Free cash flow is the cash available to repay debt, pay dividends, buy back shares, or reinvest, so growing FCF gives a company real financial flexibility. FCF growth is often a higher-quality signal than earnings growth because it is harder to manipulate with accounting choices. Watch out for lumpy capital spending: a company can post a big jump in FCF growth simply by cutting investment one year, which can hurt the business later, so check whether FCF is rising because operations improved or because spending was deferred.

How it's calculated

First compute free cash flow as cash from operations minus capital expenditures for each period, then take current FCF minus prior FCF, divide by prior FCF, and multiply by 100.

How Quintarthai uses it

The 10-year Cash-Flow statement in the Financials tab of each company's deep-analysis page shows operating cash flow and capital expenditures so you can see the free-cash-flow trend, and Quinn's deep analysis quantifies FCF and debt/liquidity risk with click-to-source receipts.

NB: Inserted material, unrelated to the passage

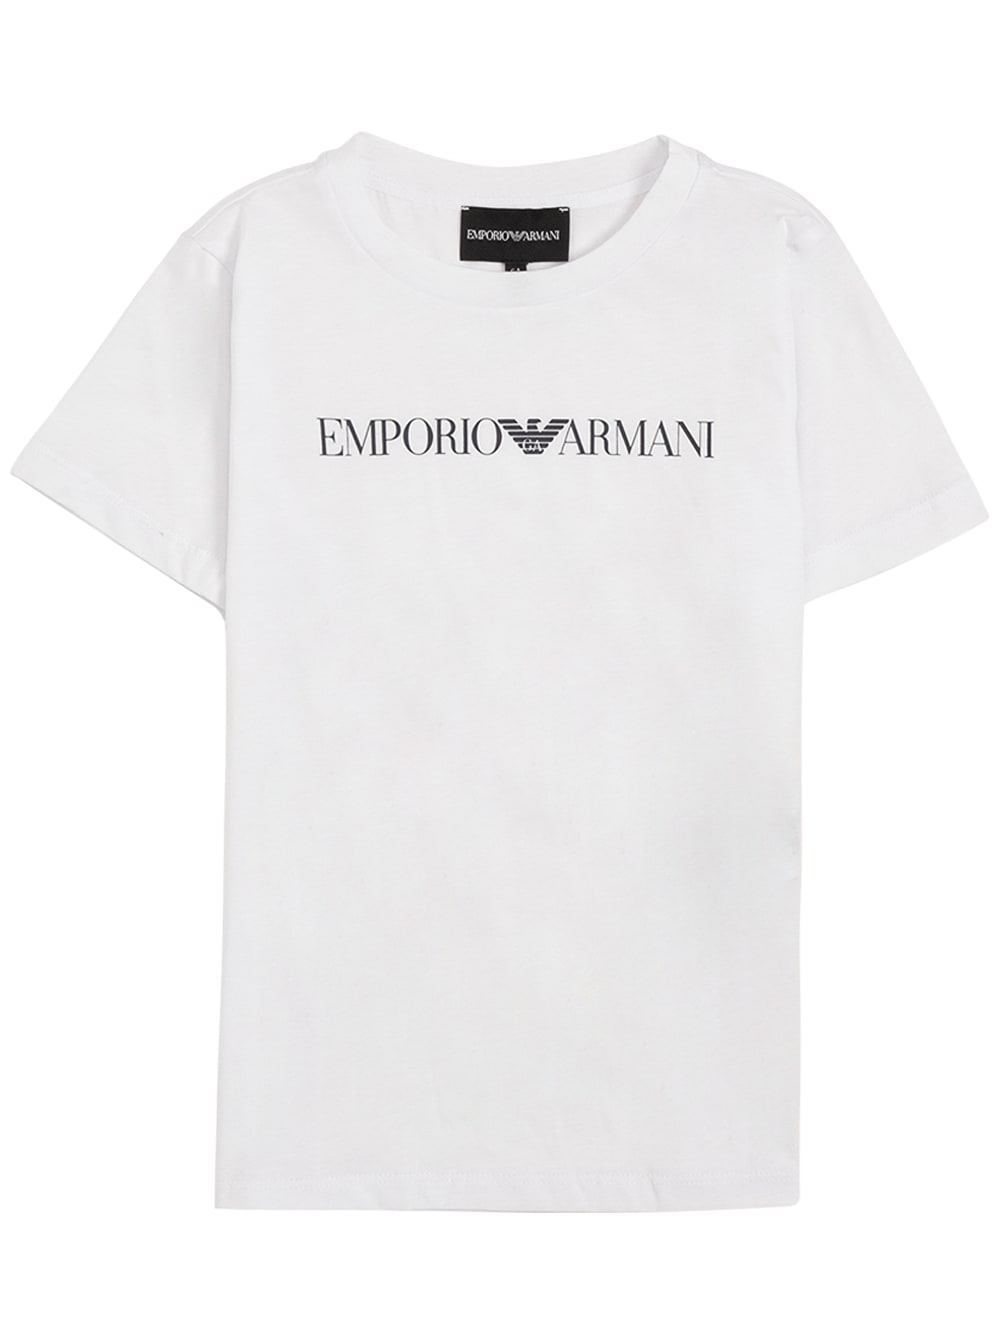 Emporio Armani Armani Kids Boys White Jersey T-shirt With Contrasting Logo
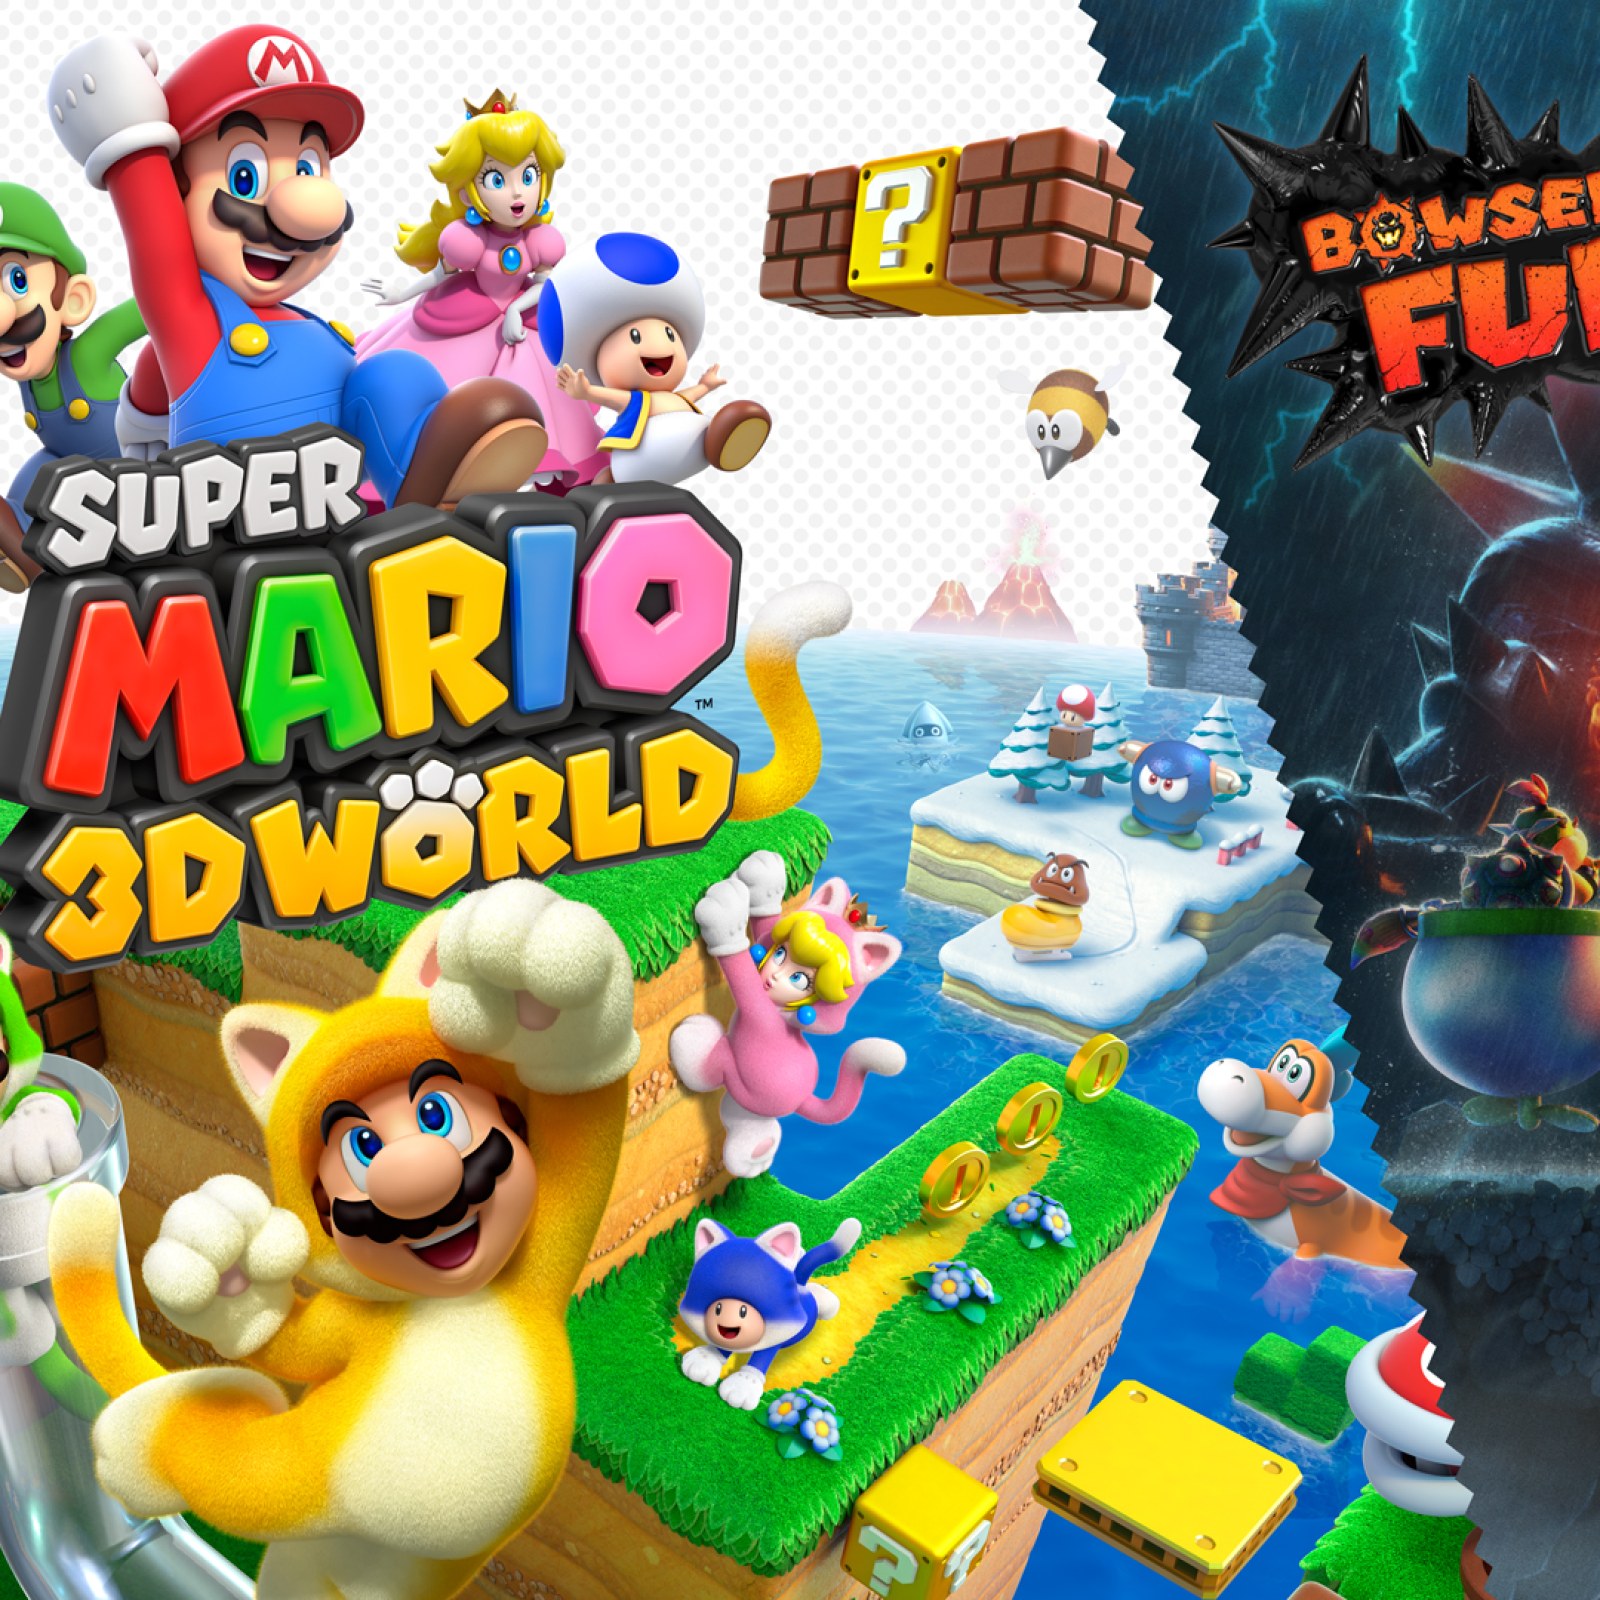 Super Mario 3D World + Bowser's Fury - Édition Standard

Cross-border note. IFRS (used by Canadian filers) and US GAAP can classify items such as interest paid or received differently on the cash-flow statement, so when comparing FCF growth across the border confirm that operating cash flow is defined the same way for both names.

FAQ

Why might free cash flow growth differ from earnings growth?
Earnings include non-cash items like depreciation and accruals and exclude capital spending, while FCF is real cash after capex; the two can diverge sharply when a company is investing heavily or when accounting profit and cash collection are out of sync.
Is rising free cash flow always a good sign?
Not necessarily. If FCF grows mainly because the company slashed capital expenditures, it may be under-investing, which can boost cash today but weaken growth and competitiveness later.